One reviewer (or maybe it was more than one, I don’t remember) said we criticized Derrida in Why Truth Matters without giving much sign that we’d read him. What was interesting about that was that actually we didn’t criticize Derrida; what we did was criticize an argument (or non-argument) Judith Butler made in criticizing the New York Times for publishing a less than reverential obituary of Derrida.
Our criticism of Butler was quite independent of the merits or lack thereof of Derrida – but perhaps a criticism of his defender amounts to a criticism of him and is therefore not allowed. At any rate, Butler’s open letter to the Times is a classic example of precisely this evasive non-substantive suggestion of impropriety that you mention. It’s basically an argument from celebrity. ‘How dare you publish such a snide obituary, Derrida was hugely influential, he was celebrated, he was a big deal.’ Well – an impartial observer might think, reading her letter, that if she is an example of his influence, it wasn’t much to boast about. It’s a shocking thing to read, in a way – the combination of evasiveness, empty rhetoric, in-groupy outrage, and gormless awe at fame is not what one wants to read in someone who is routinely described as ‘an academic star’ (and to her shame she doesn’t repudiate the description).

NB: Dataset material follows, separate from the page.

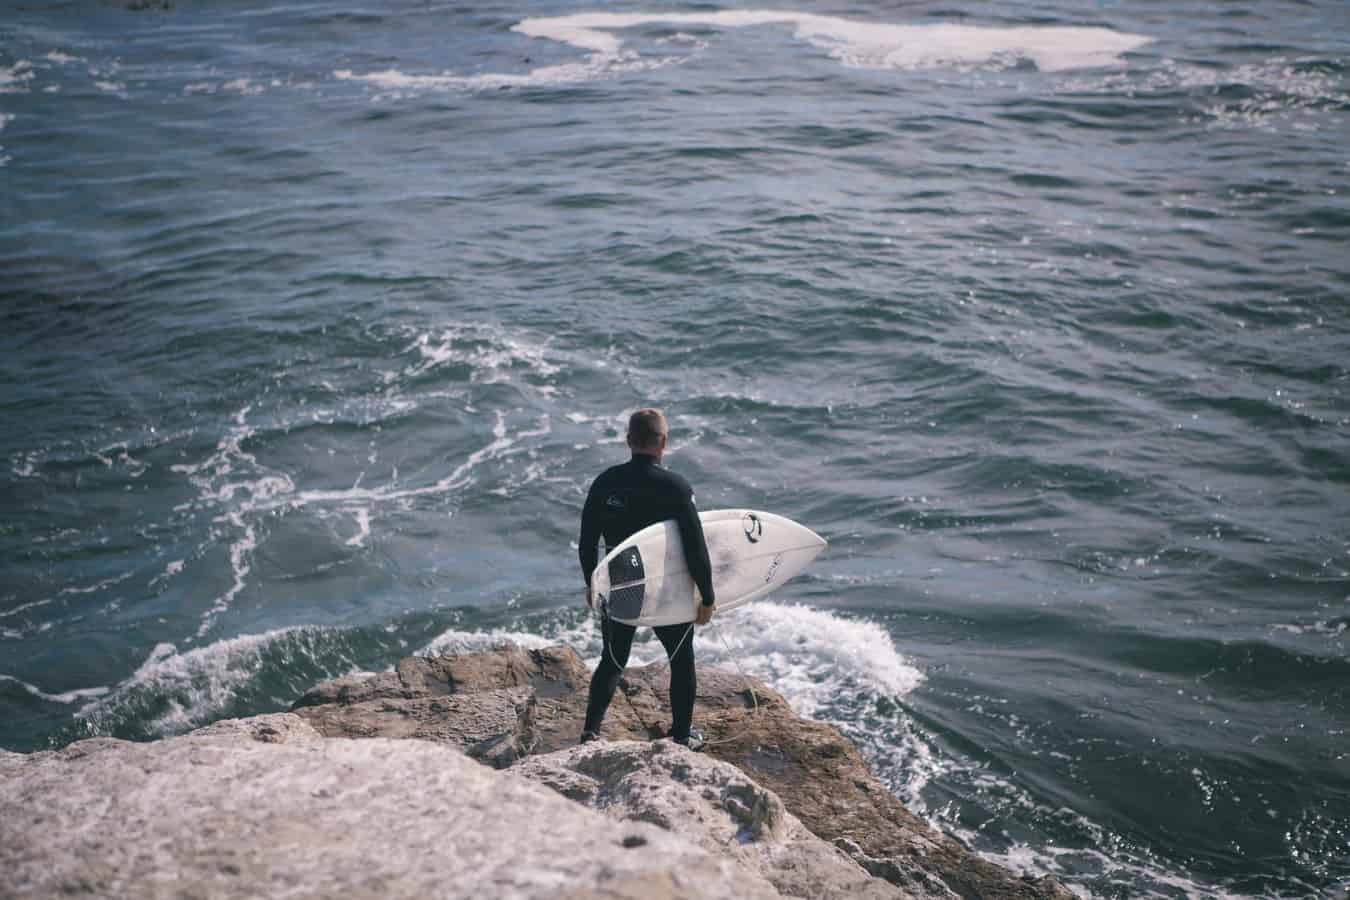 beginner tips for surfers
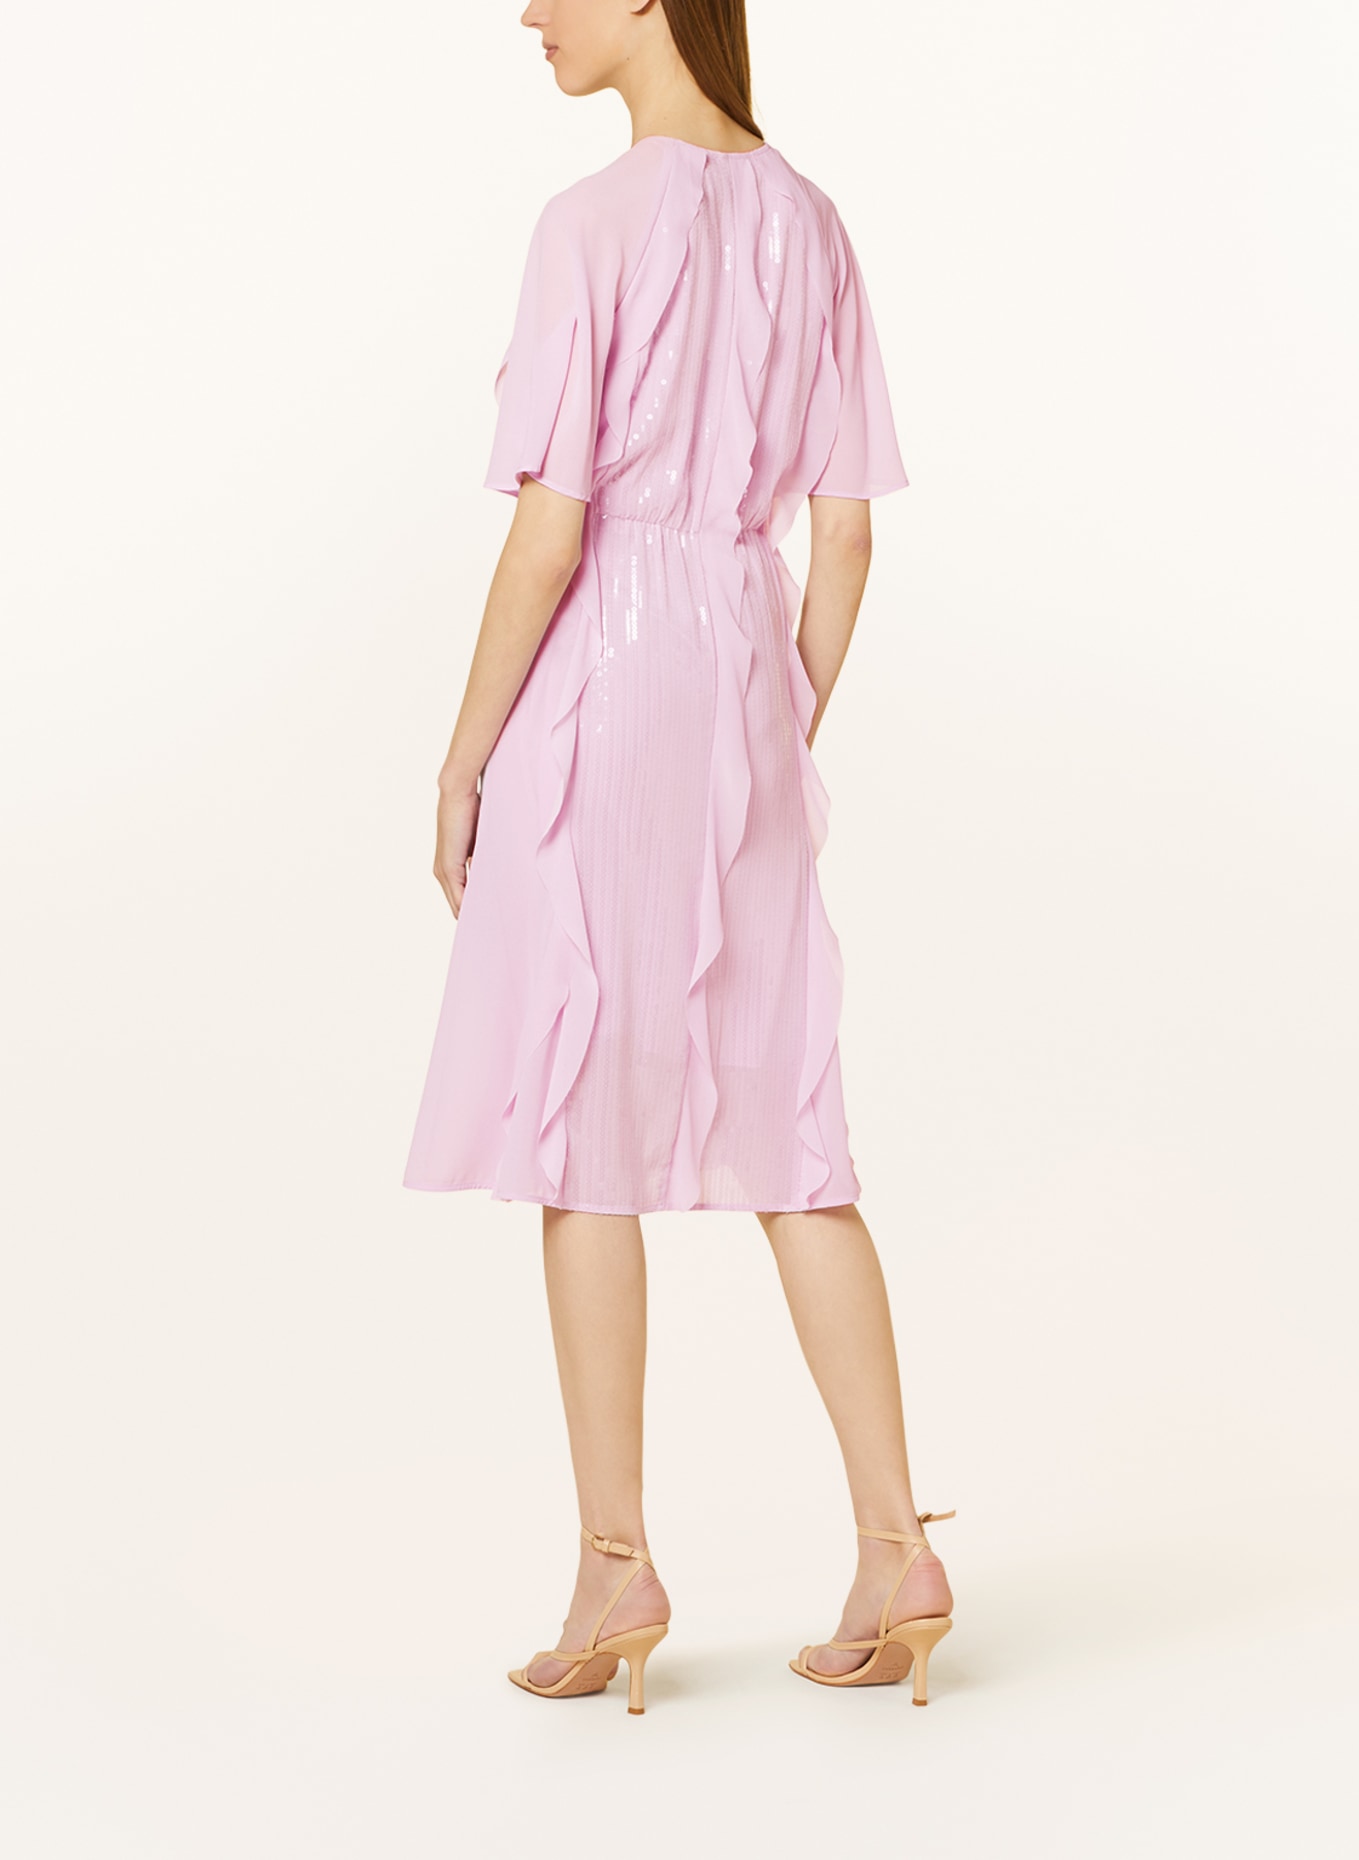 MARC CAIN Kleid mit Pailletten und Volants, Farbe: 709 pink lavender (Bild 3)

This perhaps seems like a side path, but I think it isn’t. I think the whole subject is mixed up with celebrity-worship, fandom, star-hugging, fashion, trendiness, attention-seeking, in a truly depressing and distasteful (albeit morbidly fascinating) way. I think there wouldn’t be those bizarre reactions of affront and indignation otherwise.
But what on earth is ‘left’ about that? Nothing, I would say. The only connection I’ve been able to come up with is that the left is generally a fan of reform and change and improvement and therefore drawn to the new, the best latest thing, thus susceptible to being over impressed by the trendy. But that doesn’t really satisfy – it’s not as respectable as that. It seems more like just plain childish fandom and star-worship. I have no idea what is ‘left’ about that.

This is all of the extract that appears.